Night of the Ghouls/Revenge of the Dead (Edward D. Wood Jr., 1959): 3.5/5

The most accomplished of Wood’s genre movies. Some scenes in “a car” that have more dynamic blocking than anything in his other films. Lobo makes a reappearance, and there’s a character named Dr. Acula, which is so dumb that it’s brilliant. 

 

Glen or Glenda (Edward D. Wood Jr., 1953): 3.5/5

I don’t quite understand why this is not celebrated as an early trans text. I have only really heard about it in a tone of ridicule—and it does reflect some out-of-date beliefs— but it stands among the most pro-trans movies I have seen, and certainly of its era. It’s coming from a baldly autobiographical place, and it’s a laudably sincere confession and plea. Wood himself plays the title character, flying his trans flag, expressing all his shame but also all his lust.

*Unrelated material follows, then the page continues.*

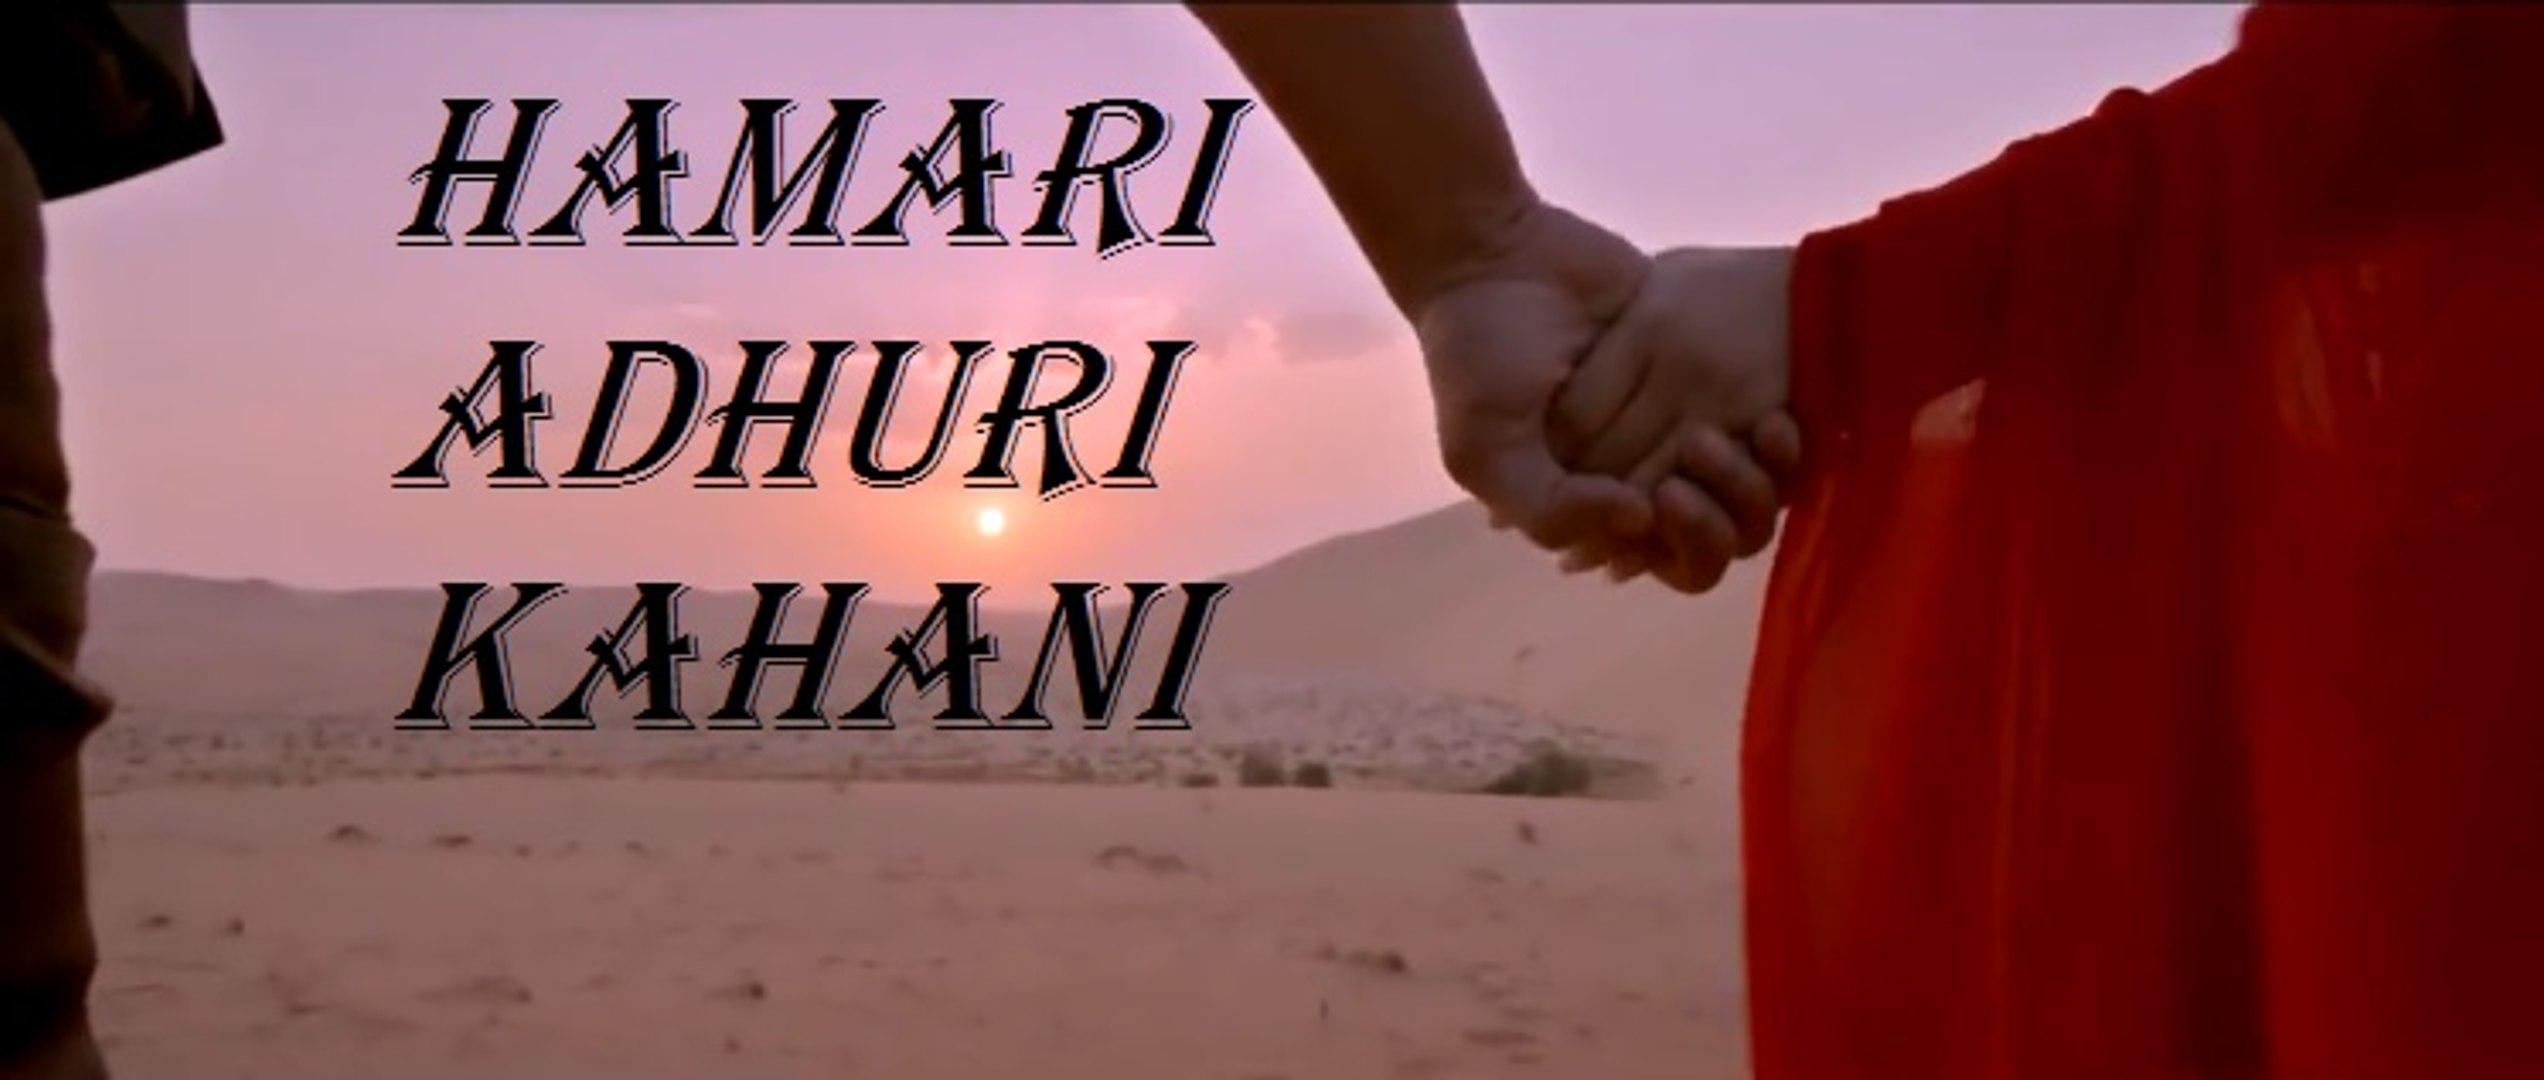 Hamari Adhuri Kahani - Theatrical Trailer - Hamari Adhuri Kahaani Bollywood Movie - Emraan Hashmi Vi

He uses stock footage of D-Day (for example) but Wood was in fact present at D-Day. (He claimed that during combat he wore women’s underwear under his uniform, and he said that he would have preferred to die than to be injured because if injured he would have been exposed.) Contains some psychologically intense high-contrast fantasy sequences worthy of Lynch and Anger. Begins with Bella Lugosi, skulls and skeletons, and a laboratory just like all of Wood’s movies, but here he’s playing I guess God, looking down at the humanity that he created, laughing at the humans who can’t help being what they are.